Linux/Mac engine gauntlet, cluster testing

Post by matthewlai »

Just thought some people may be interested in this -

I am currently compiling a gauntlet of open source Linux/OSX chess engines for testing.

It's still work-in-progress and doesn't work, yet, but it's available here - http://bitbucket.matthewlai.ca/chessgauntlet

All engines in the gauntlet have licenses that allow distribution of modified copies (I believe all of them are GPL so far, besides Crafty?). I have about 30 engines in there so far, of varying strengths, from Stockfish to 2000 ELO engines.

They are also all in C/C++, mostly because I don't know other languages well enough to fix other people's code (and some of them... are really quite atrocious).

I originally planned to include <2000 engines as well, but had to give up since code quality is actually pretty well correlated with engine strength in most cases (many exceptions of course), and most <2000 engines just take way too long to fix (and I imagine would be more buggy as well).

I fixed the engines so that they all compile under latest LLVM (and GCC later - though I suspect there won't be much work for that, since most engines were written for GCC).

I also have a build script that builds all the engines from source.

I am not really interested in supporting Windows at this time, because it's a lot of work, and my end goal is to do cluster testing with this gauntlet, and of course no cluster runs Windows.

I am also writing a text mode program that matches engines without depending on any external library (important for clusters... especially other people's clusters).

Has anyone done something similar to this before?

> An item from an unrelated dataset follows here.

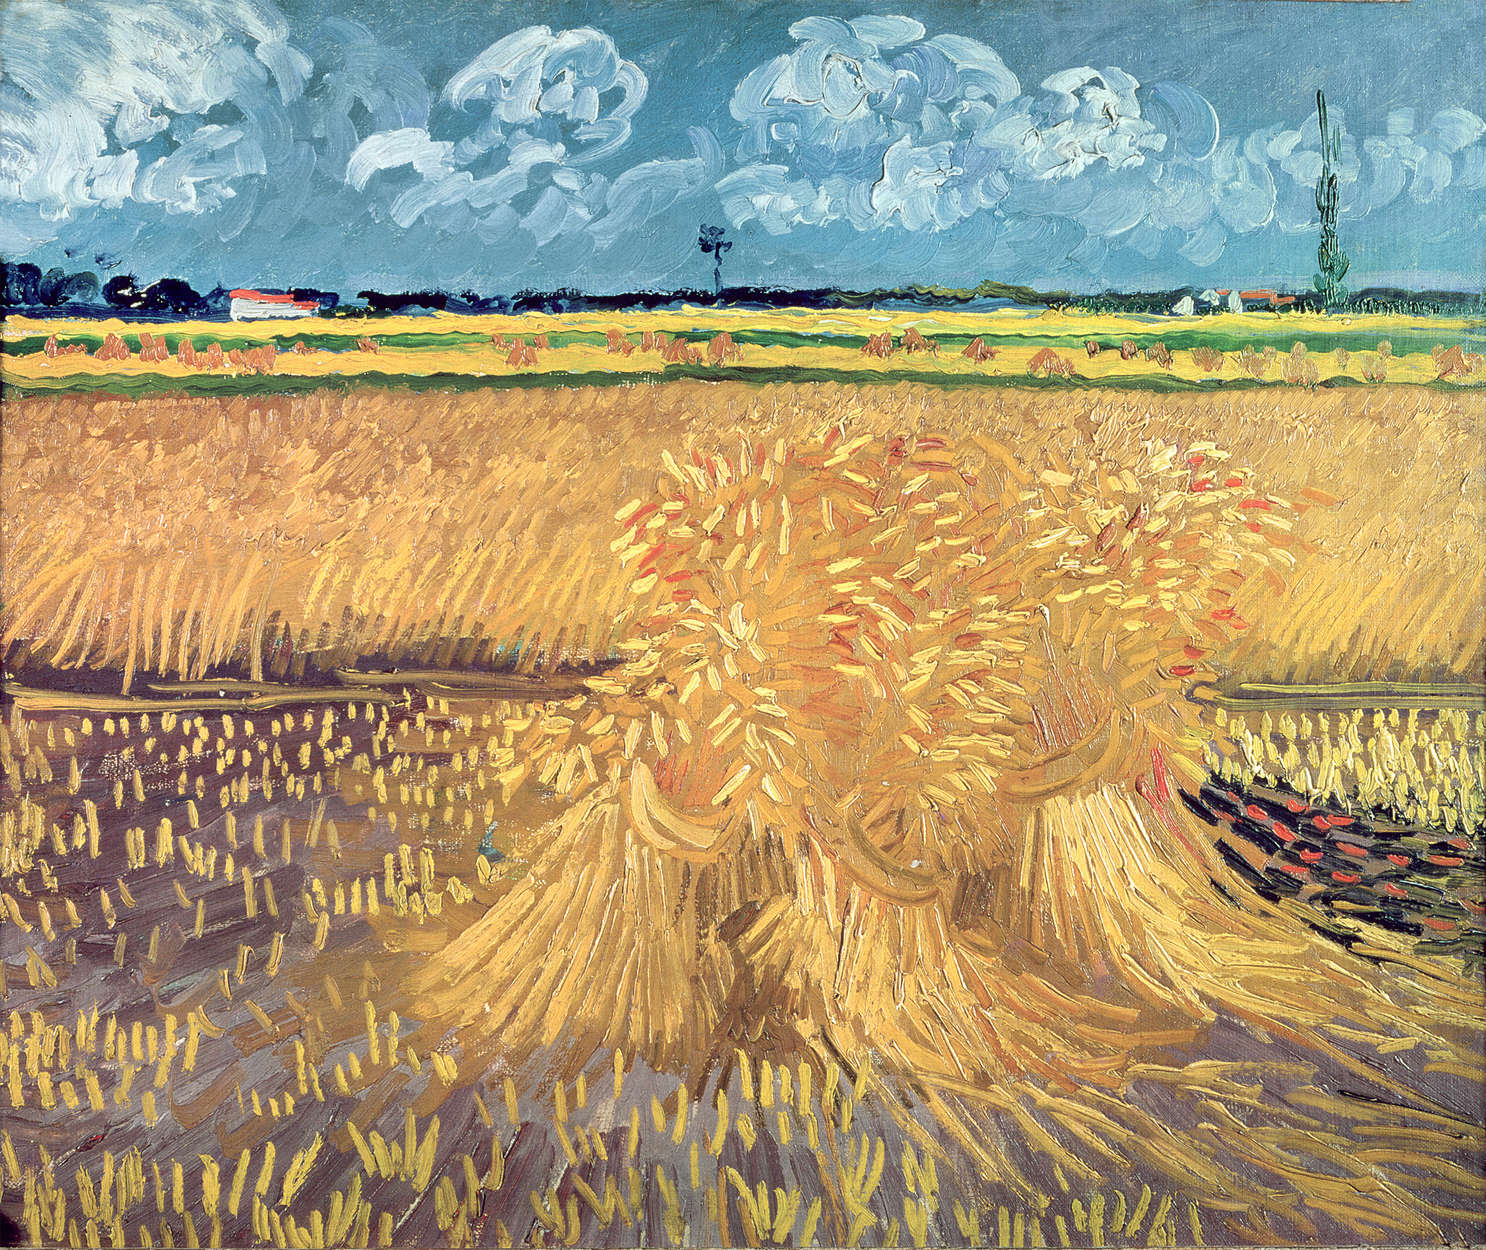             Fototapete "Krähen über Weizenfeld" von Vincent van Gogh

Also, anyone has experience with using clusters for testing? I know Crafty is tested on Dr. Hyatt's cluster, but I'm surprised it's not used for more engines since clusters are relatively widely available now - many universities have them, and there are commercial HPC services as well, like Penguin Computing.
Disclosure: I work for DeepMind on the AlphaZero project, but everything I say here is personal opinion and does not reflect the views of DeepMind / Alphabet.
bob
Posts: 20943
Joined: Mon Feb 27, 2006 7:30 pm
Location: Birmingham, AL

Re: Linux/Mac engine gauntlet, cluster testing

Post by bob »

matthewlai wrote:Just thought some people may be interested in this -

I am currently compiling a gauntlet of open source Linux/OSX chess engines for testing.

It's still work-in-progress and doesn't work, yet, but it's available here - http://bitbucket.matthewlai.ca/chessgauntlet

All engines in the gauntlet have licenses that allow distribution of modified copies (I believe all of them are GPL so far, besides Crafty?). I have about 30 engines in there so far, of varying strengths, from Stockfish to 2000 ELO engines.

They are also all in C/C++, mostly because I don't know other languages well enough to fix other people's code (and some of them... are really quite atrocious).

I originally planned to include <2000 engines as well, but had to give up since code quality is actually pretty well correlated with engine strength in most cases (many exceptions of course), and most <2000 engines just take way too long to fix (and I imagine would be more buggy as well).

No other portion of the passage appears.